China’s Drones Are Taking on ISIS (And Here’s Why America Should Worry)

    Arnaud Delalande

    Security, Middle East

    Chinese-made drones are proving their worth in combat.

    On Feb. 12th, 2018, the Iraqi ministry of defense released a video depicting its Chinese-made CH-4B armed unmanned aerial vehicles. The brief report underscores the type’s success in Iraqi service.

    The video claims that the CH-4B drones have executed most of their attack and reconnaissance missions in northwest Iraq. Since their entry into operational service, they have performed no fewer than 260 air strikes against Islamic State targets, with a success rate close to 100 percent.

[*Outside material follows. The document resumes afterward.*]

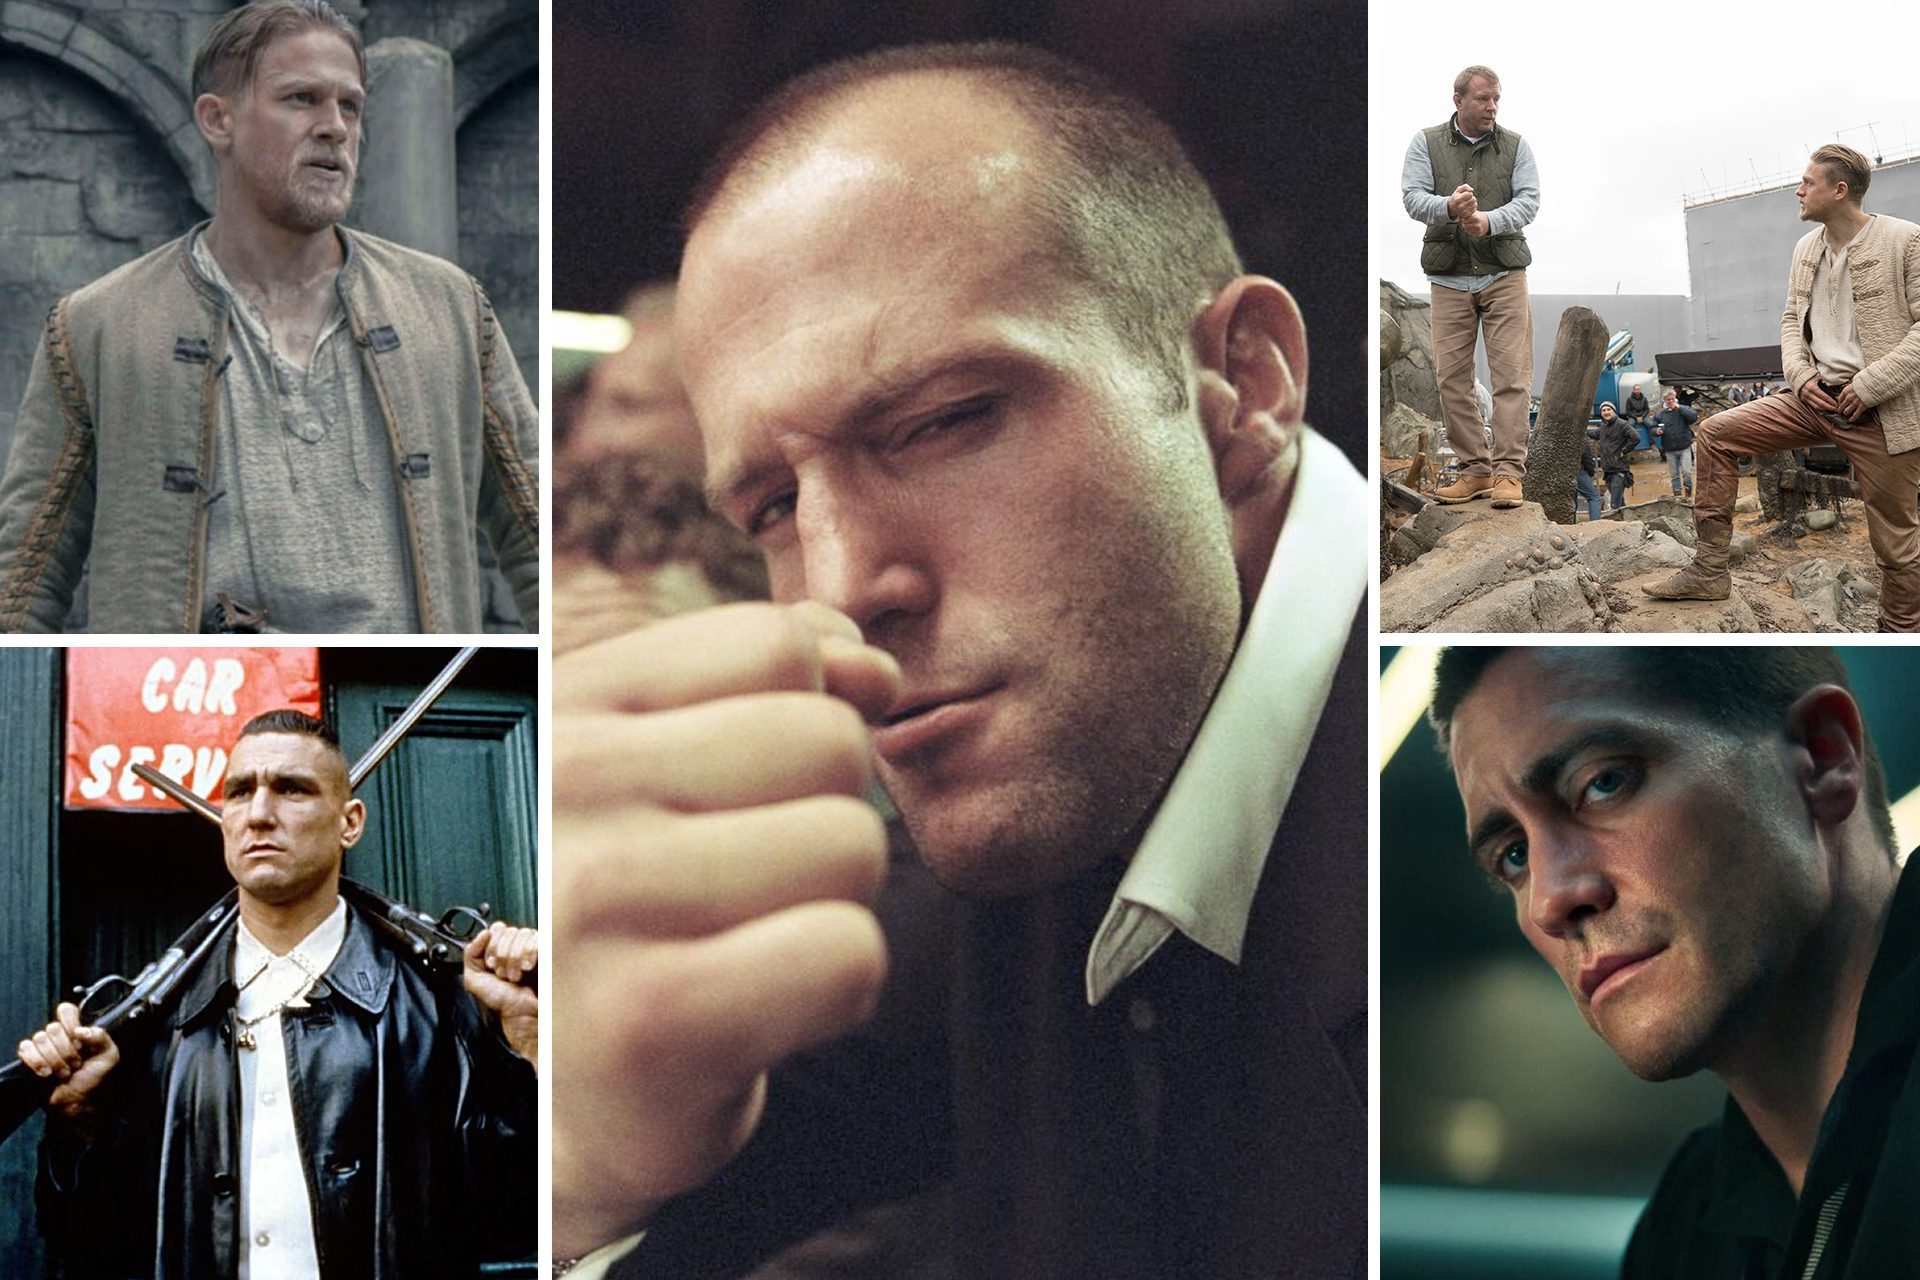 guy ritchie movies

    Iraq ordered its CH-4Bs from China in 2014, probably after the visit to Iraq by the Chinese foreign minister in February of that year. The CH-4 is inspired by the General Atomics MQ-1 Predator and is designed by China Aerospace Long March International.

    The CH-4B version, as ordered by Iraq, can carry a payload of 761 pounds, compared to the CH-4A with its 254-pound payload. Weapons can include two AR-1/HJ-10 anti-tank guided missiles, Chinese equivalents of the Lockheed Martin AGM 114 Hellfire, and two FT-9 GPS-guided bombs.

    The CH-4B has a ceiling of 23,000 feet, a cruise speed of up to 112 miles per hour, a maximum speed of 130 miles per hour, an endurance of 14 hours and an operating radius of 155 miles. The first batch was received on Jan. 23, 2015 and the first photographs — showing three vehicles — circulated that March.